- _What you are asked to do_
Repeat the lines of the data exactly and exclude any picture among them.

- _Raw data_

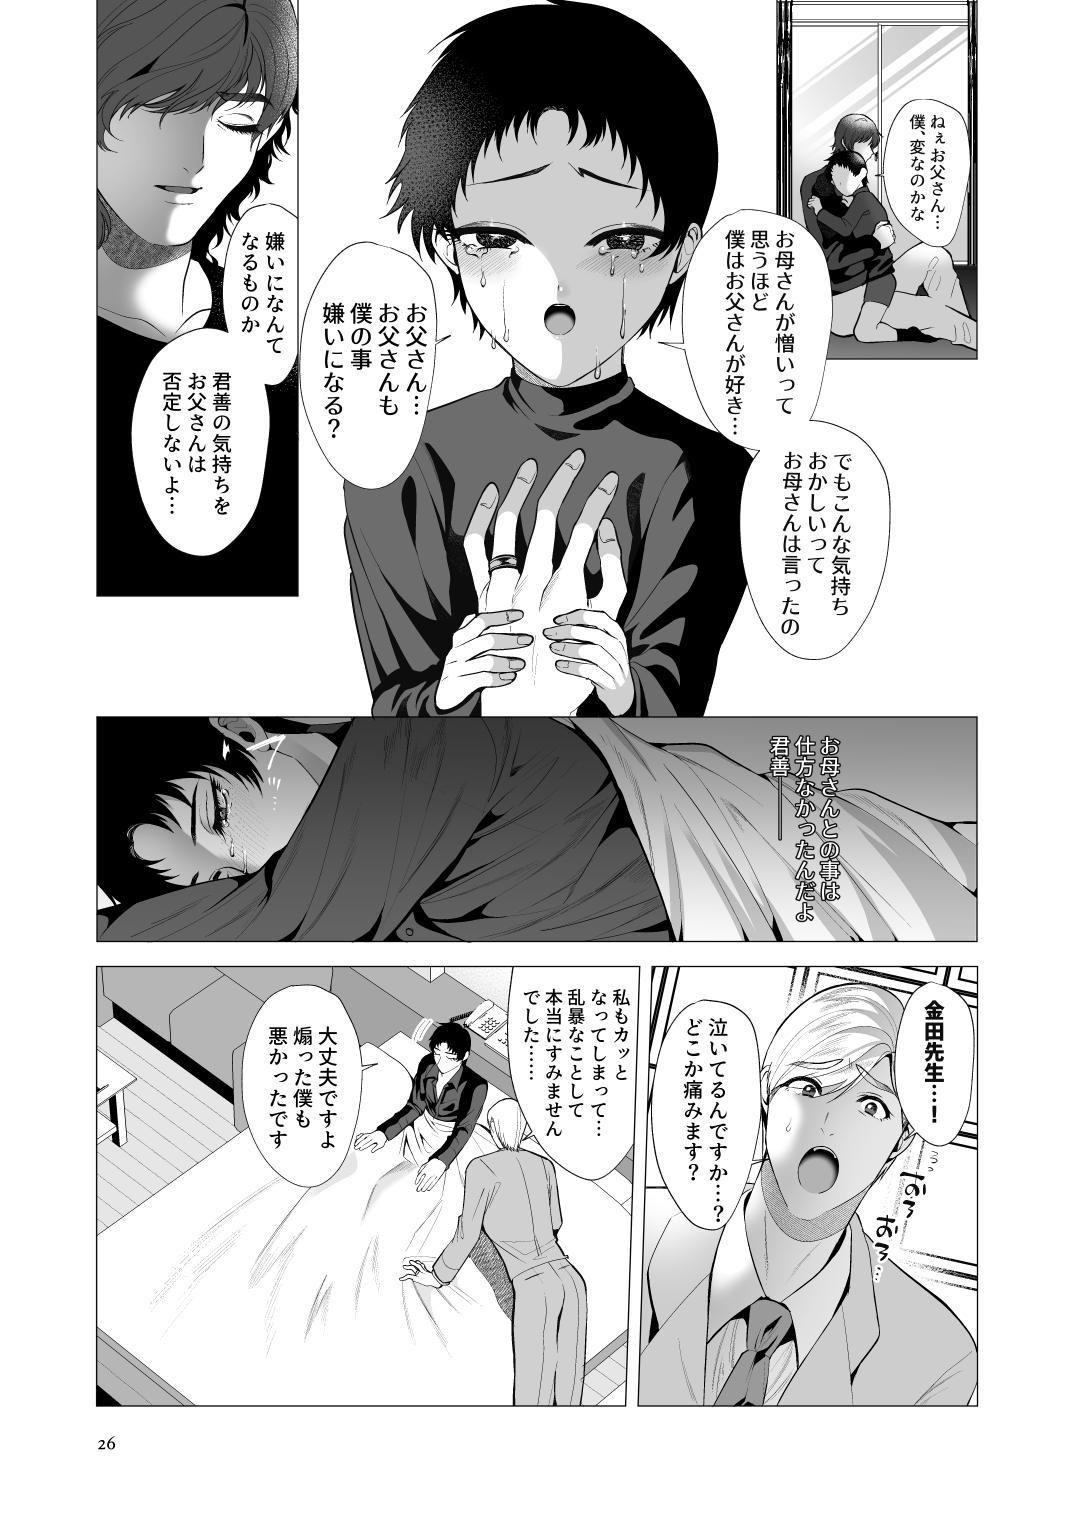 Kyozou no Sugata wa Chichi ni Nite iru 24
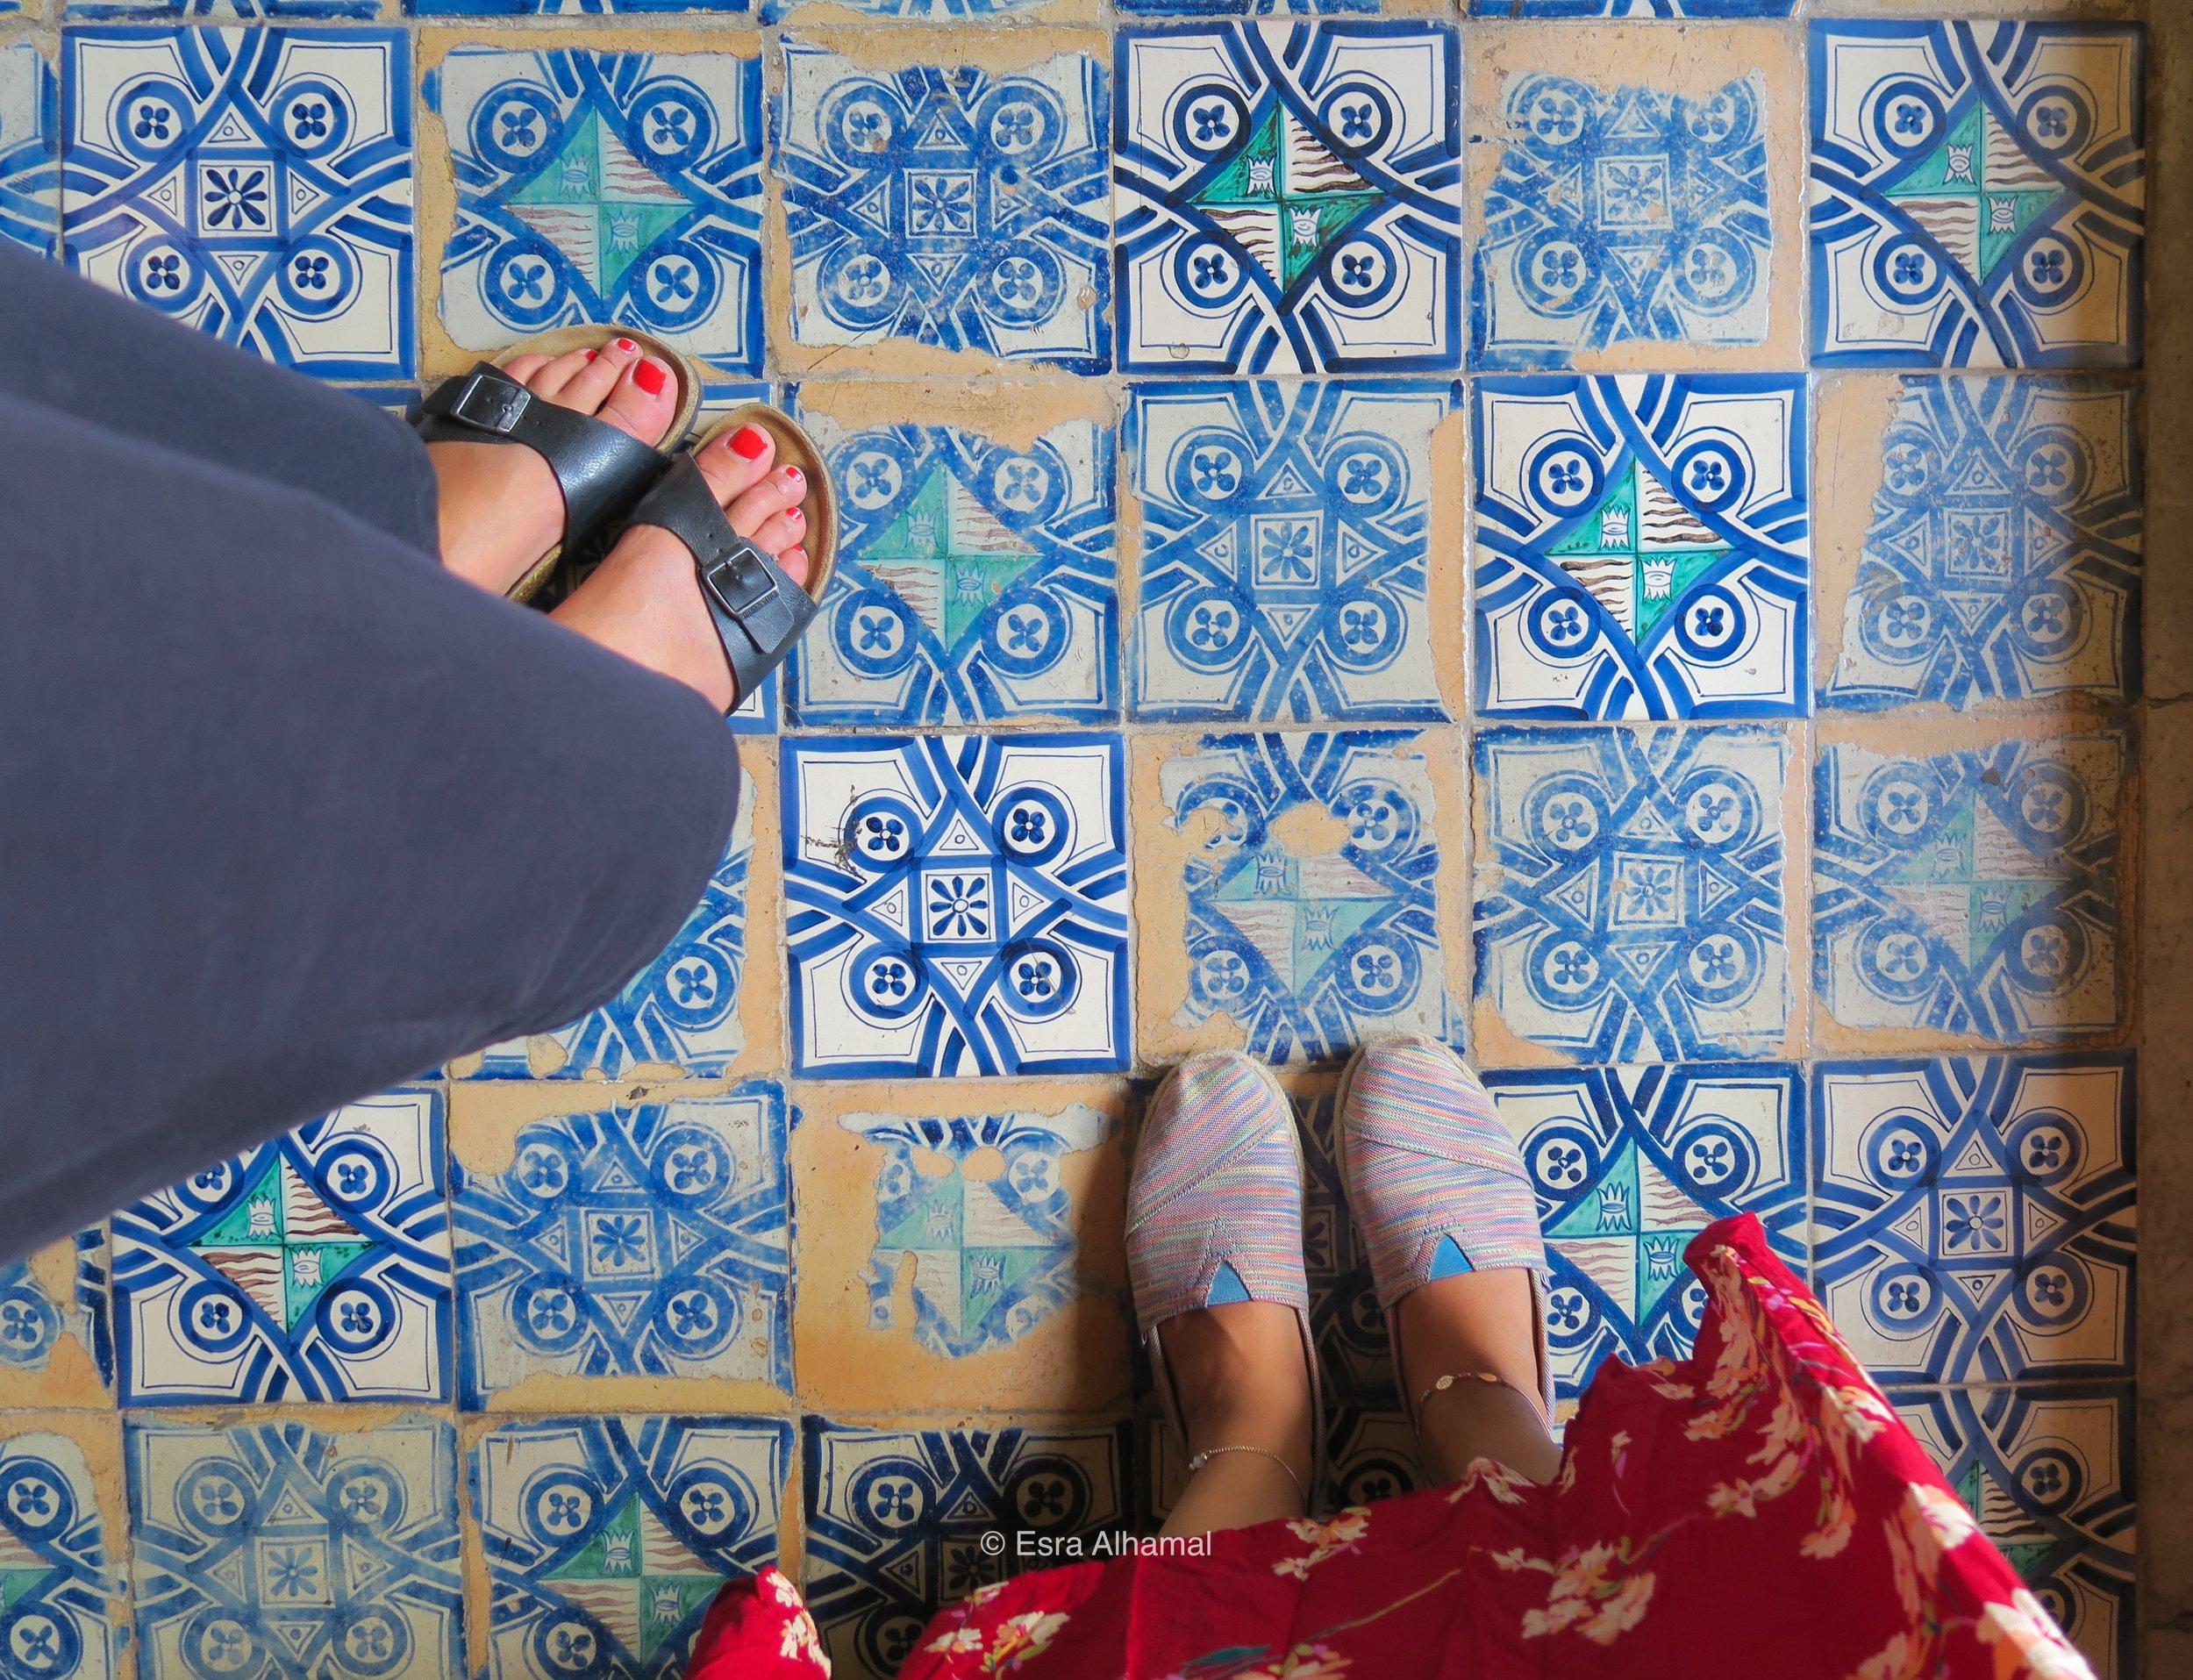 Tiles in Vatican City
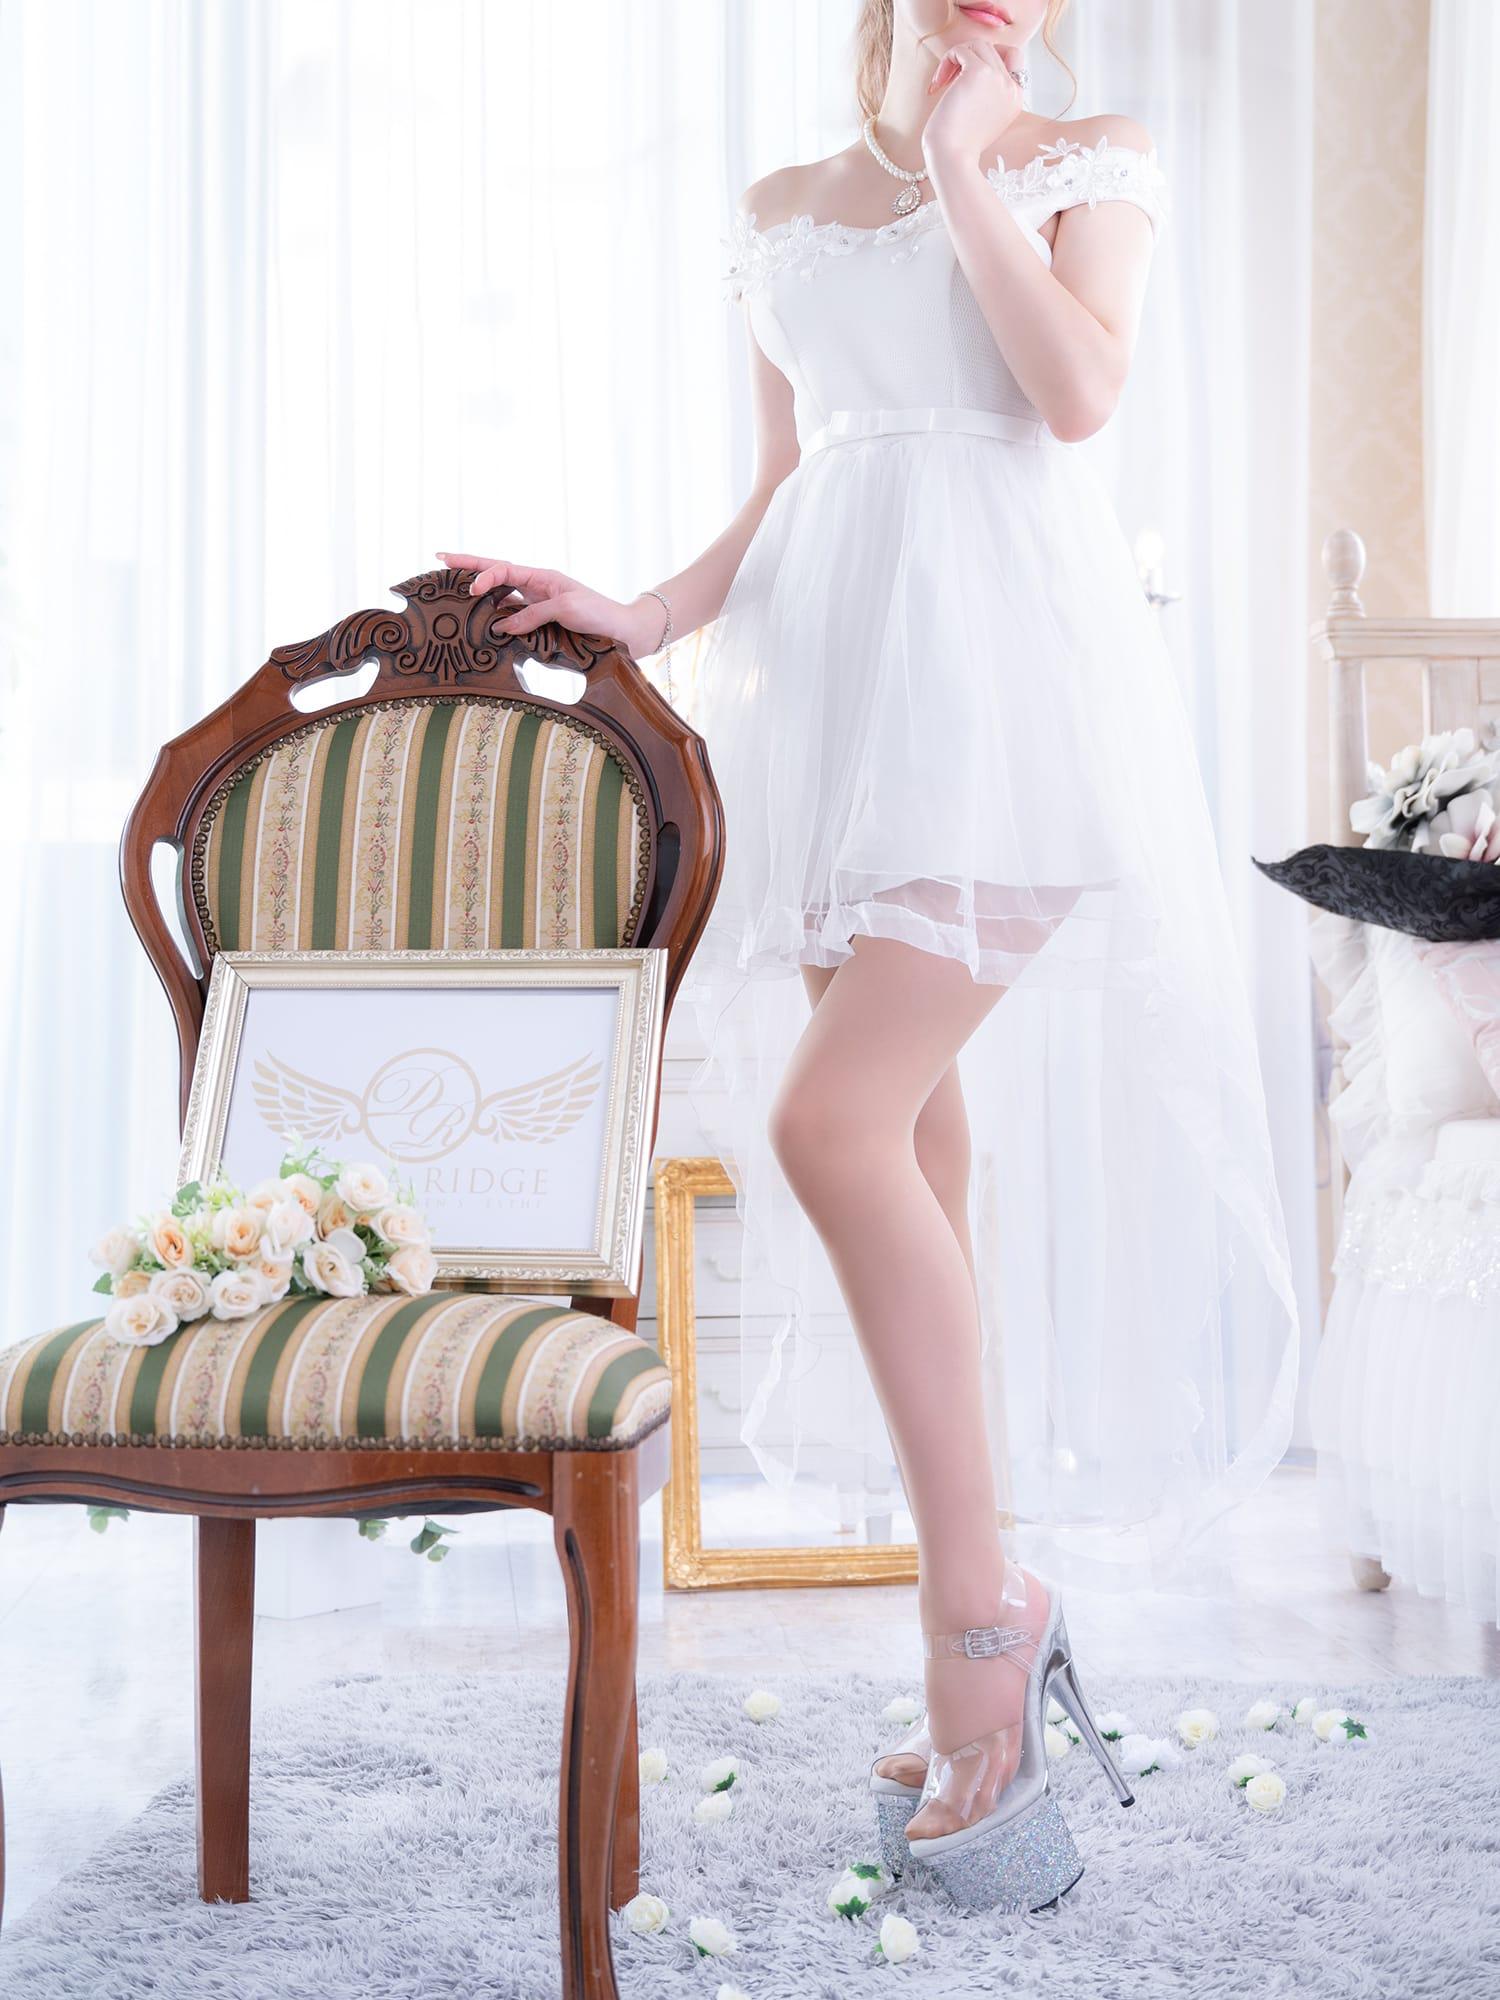 愛久(あいく)-RIDGE【愛らしい高い美意識◎】 | DIANA RIDGE~ダイアナ・リッジ()

- _Solved problem_
 Kyozou no Sugata wa Chichi ni Nite iru 24
 Tiles in Vatican City
 愛久(あいく)-RIDGE【愛らしい高い美意識◎】 | DIANA RIDGE~ダイアナ・リッジ()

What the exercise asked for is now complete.